You can't tell me there is no mystery
Mystery
Mystery
You can't tell me there is no mystery
It's everywhere I turn

Moon over junk yard where the snow lies bright
Snow lies bright
Snow lies bright
Moon over junk yard where the snow lies bright
Can set my heart to burn

Stood before the shaman, I saw star-strewn space
Star-strewn space
Star-strewn space
Stood before the shaman, I saw star strewn space
Behind the eye holes in his face

Infinity always gives me vertigo
Vertigo
Vertigo
Infinity always gives me vertigo
And fills me up with grace

I was built on a Friday and you can't fix me
You can't fix me
You can't fix me
I was built on a Friday and you can't fix me
Even so I've done okay

So grab that last bottle full of gasoline
Gasoline
Gasoline
Grab that last bottle full of gasoline
Light a toast to yesterday

And don't tell me there is no mystery
Mystery
Mystery
And don't tell me there is no mystery
It overflows my cup

This feast of beauty can intoxicate
Intoxicate
Intoxicate
This feast of beauty can intoxicate
Just like the finest wine

So all you stumblers who believe love rules
Believe love rules
Believe love rules
Come all you stumblers who believe love rules
Stand up and let it shine
Stand up and let it shine 

4 comments:

Rick Huntington said...

Thanks for the morning inspiration...I'm an old Bruce Cockburn fan and loved being reintroduced to his music and poetry. The grove first, then the message if the grove moves you--I'm with you on that. Glad you are enjoying your moments in Montreal.

Peter Fergus-Moore said...

I found Bruce's book a fair read, but his self-confessed inability to relate to people one to one made it less deep than I had hoped.

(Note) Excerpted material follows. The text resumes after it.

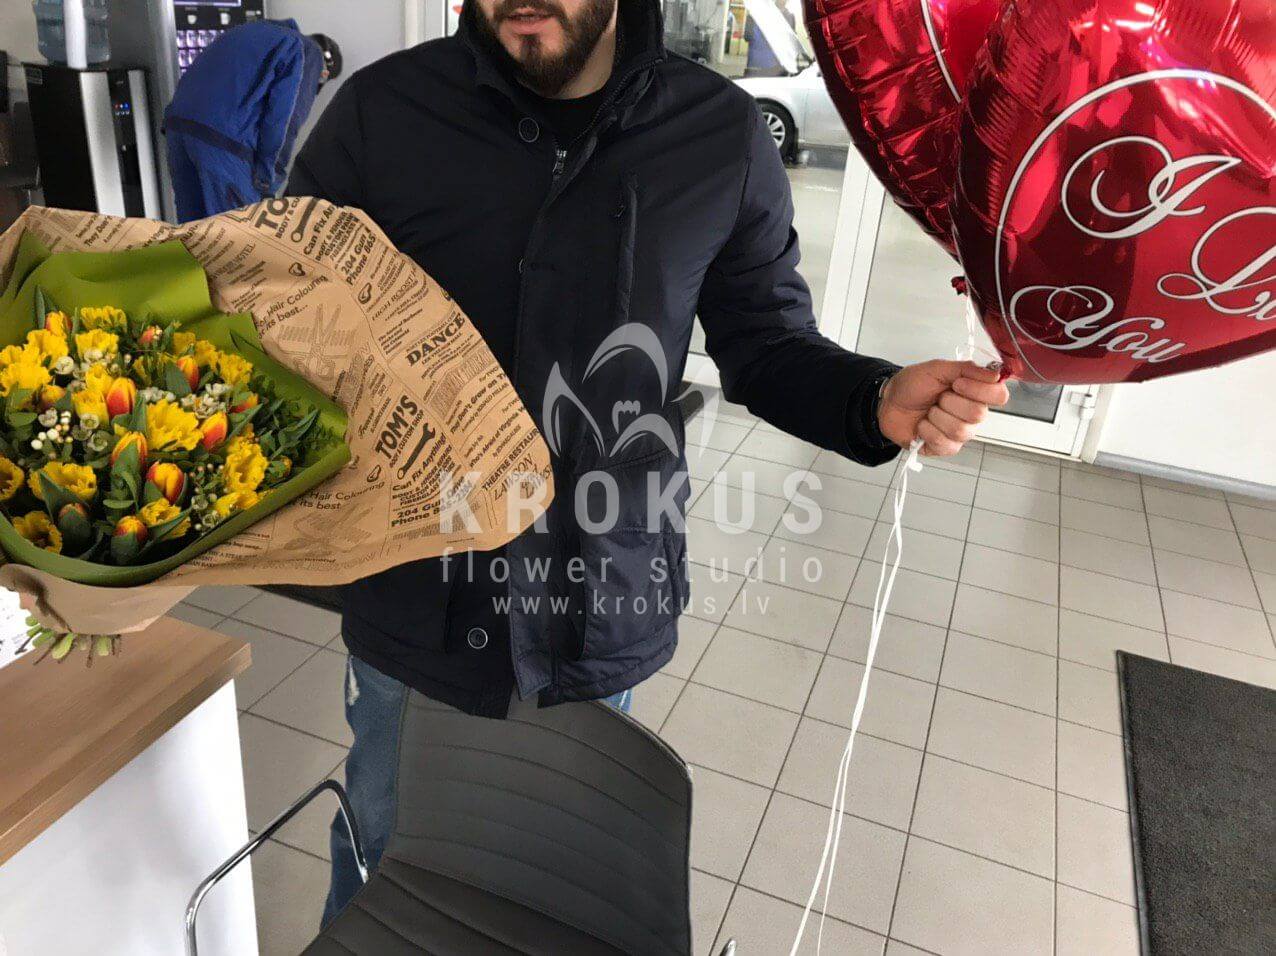 Deliver flowers to Rīga (tulipspistaciadaffodilgenista)

Still, as you say, getting the context of these songs was well worth the effort.

I find that there are songs and hymns that turn me off, but the groove of the music holds onto me--understandable, as the heart listens more deeply than the mind.

RJ said...

Thanks dear friends... I just read a biography of Zappa, too. What a dick but a fascinating and creative one at that. I like Bruce better even if his book was less than profound. Same goes for Tillich - fascinating - but not always a kind man in spite of his history.

ddl said...

enjoyed your posting! I hope that your sabbatical is going well and is everything that you and Di have needed and wanted. You both have been in my prayers...I just stopped by to see how you were and to enjoy a listen to vicarious groove :) Great photos.